SOURCE MATERIAL:

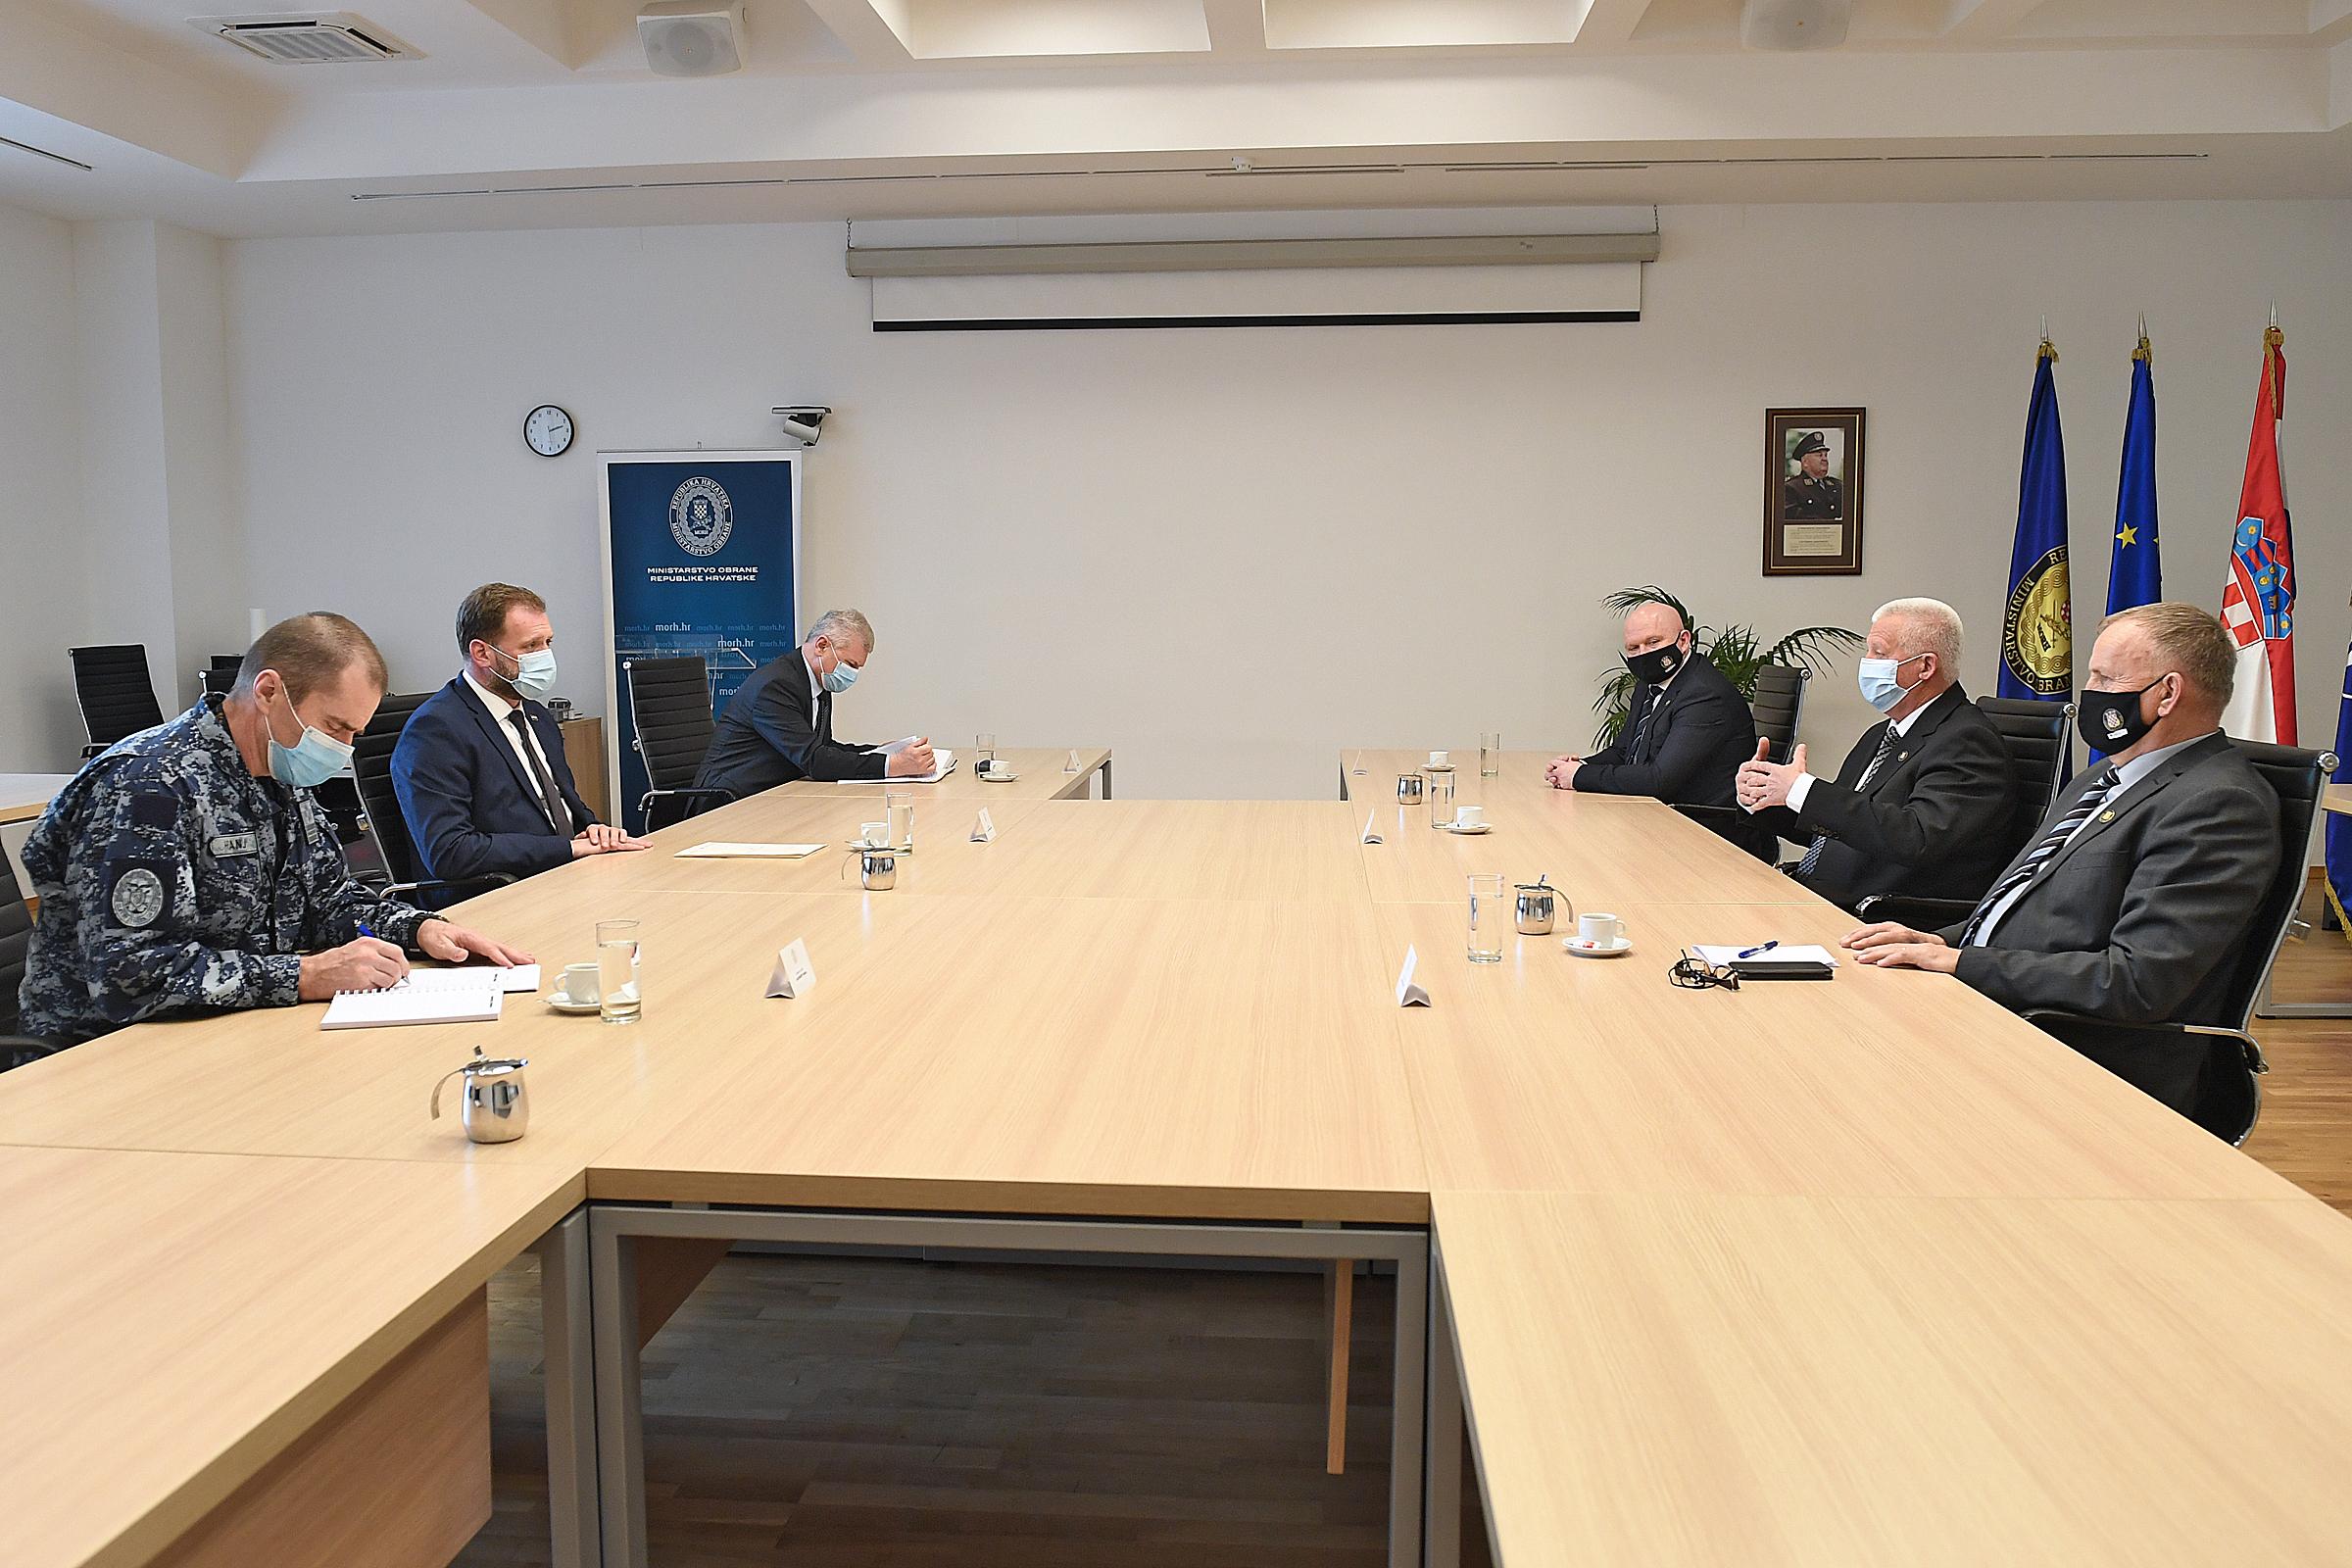 Ministar Banožić s izaslanstvom Hrvatskog generalskog zbora
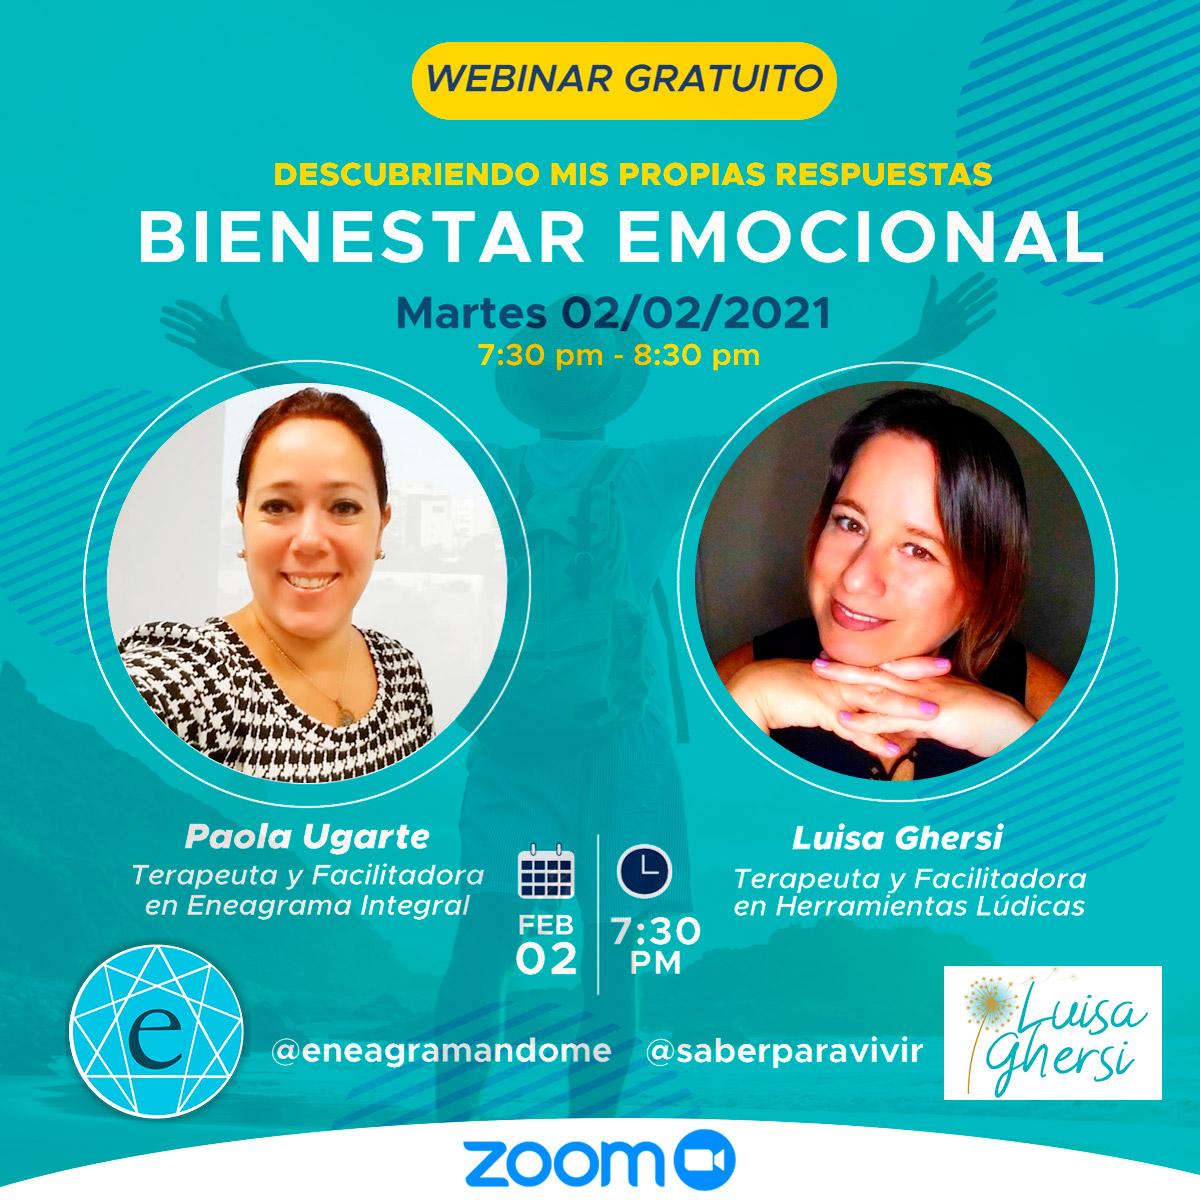 Webinar gratuito Bienestar Emocional
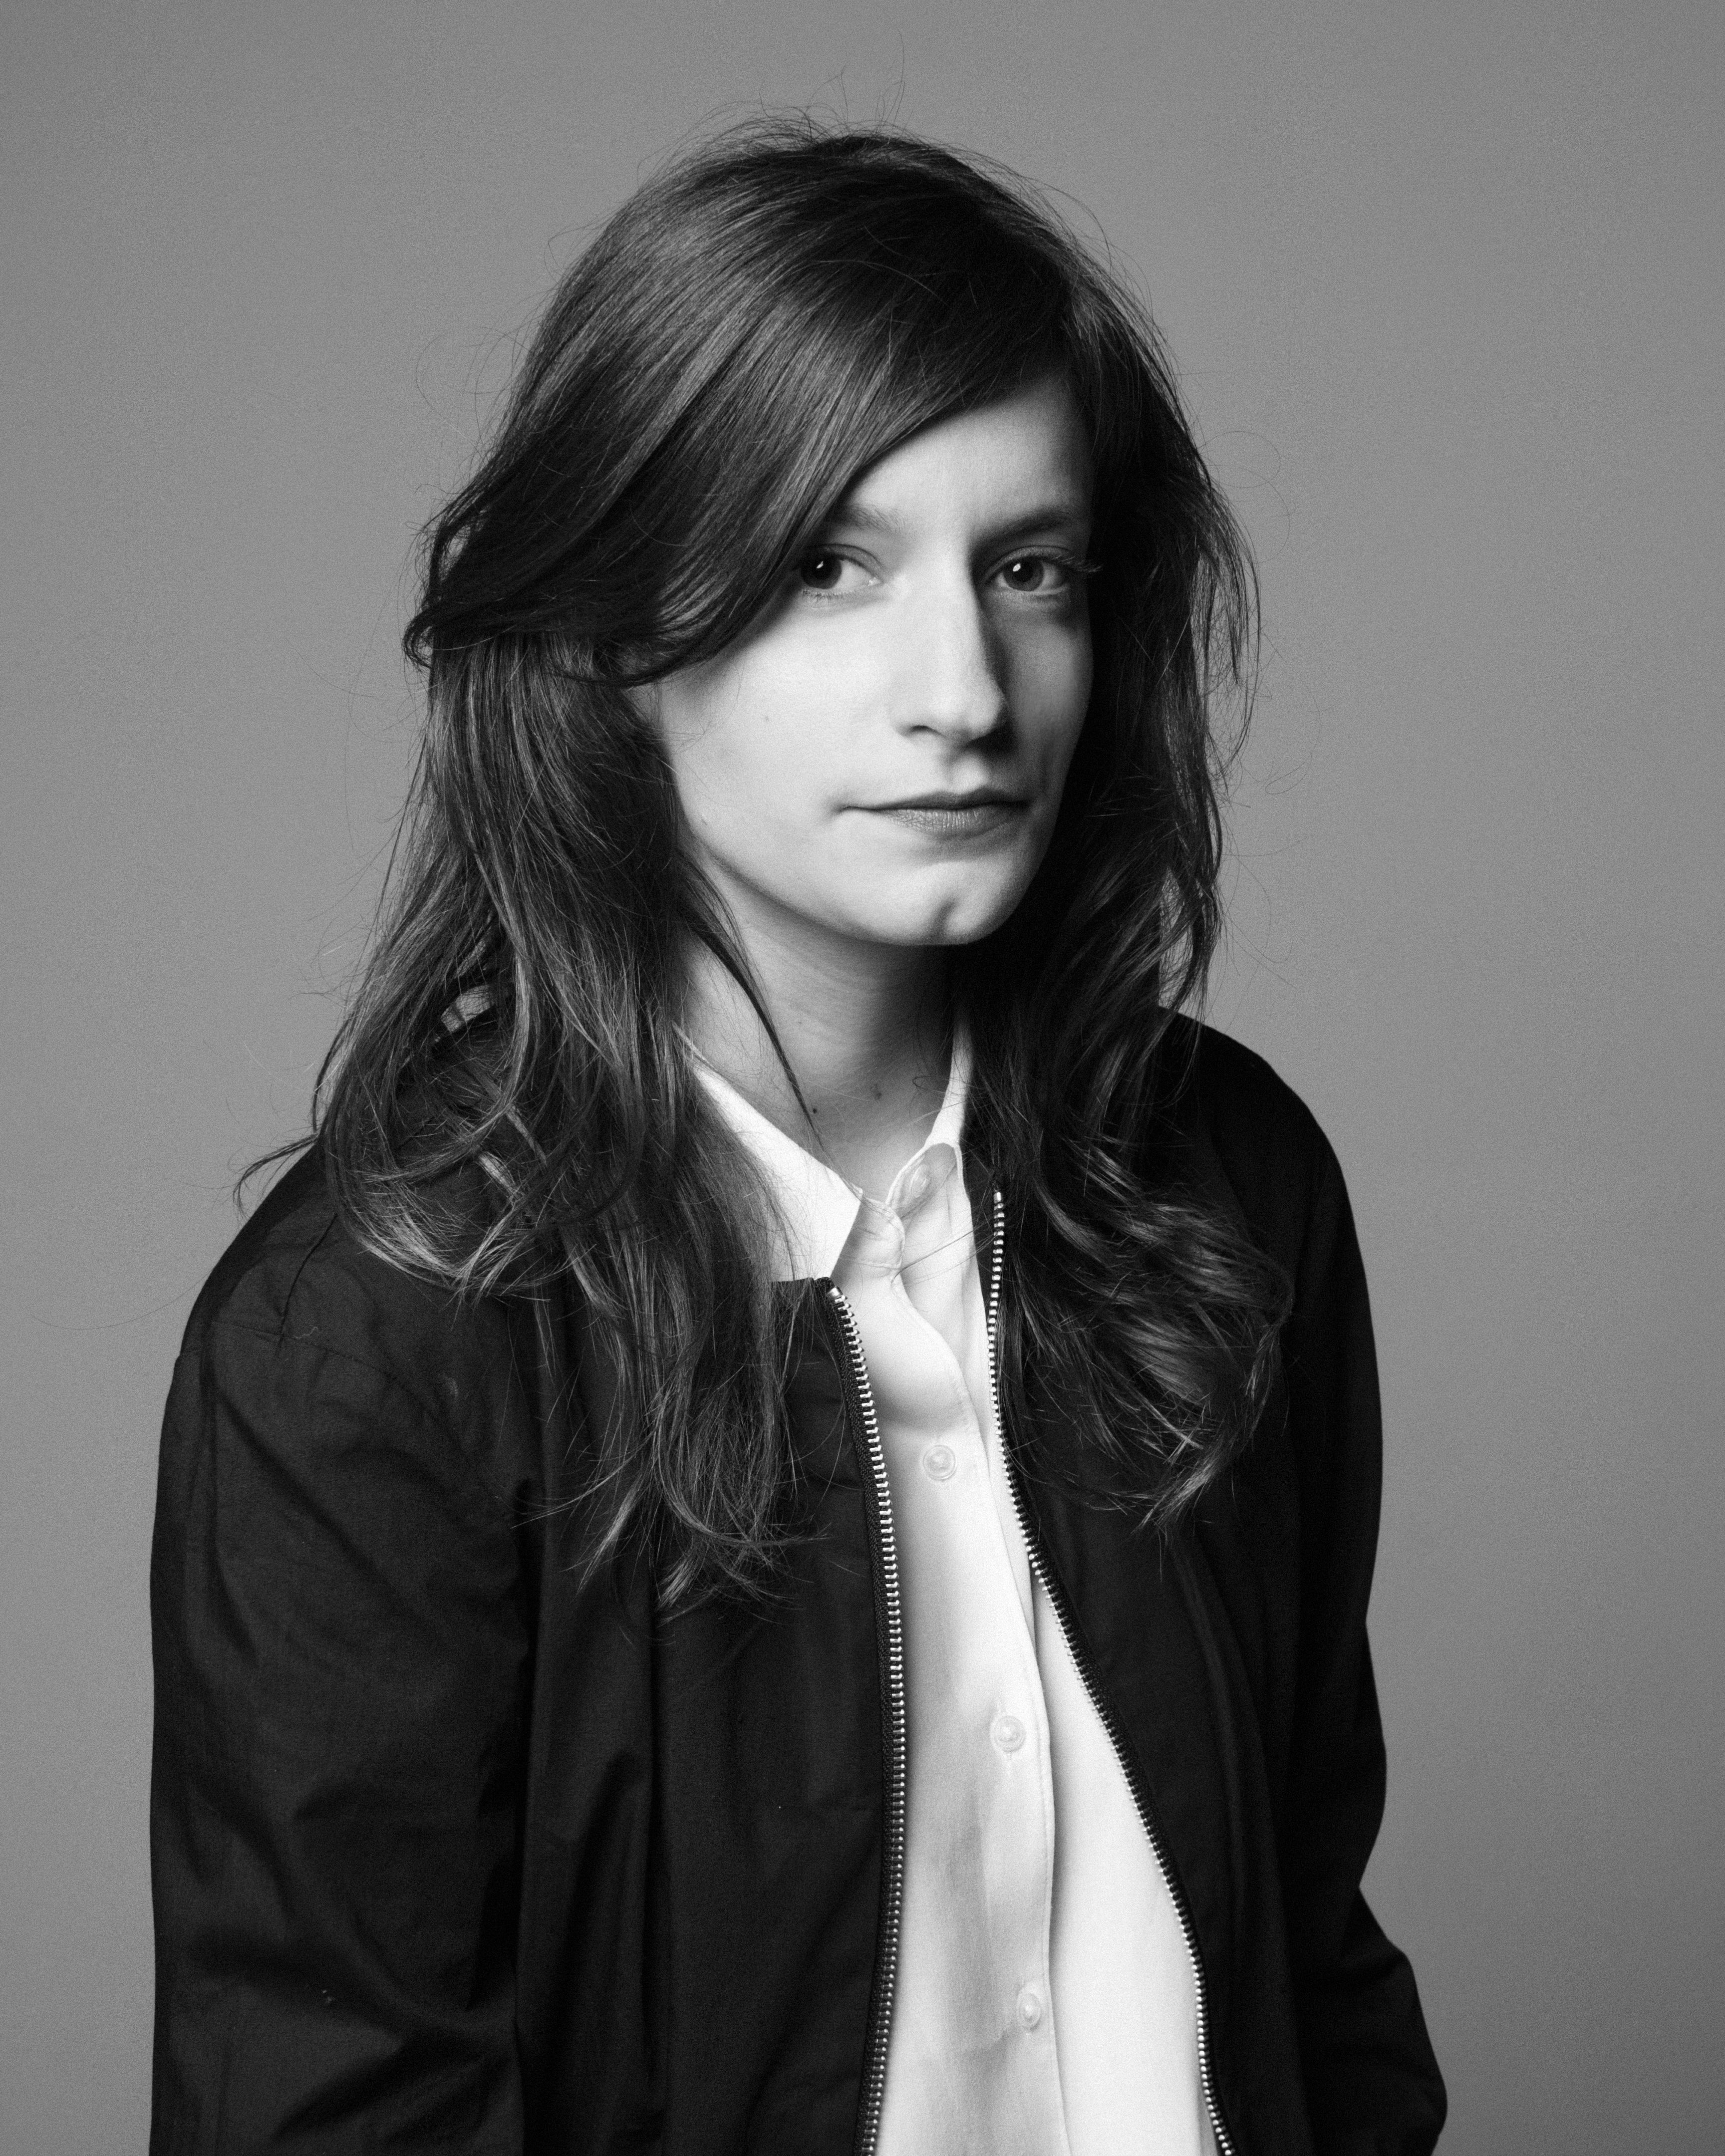 Justine Emard

BRIEF:
Drop the images, then copy the data exactly.

SOLUTION TO THIS TASK:
 Ministar Banožić s izaslanstvom Hrvatskog generalskog zbora
 Webinar gratuito Bienestar Emocional
 Justine Emard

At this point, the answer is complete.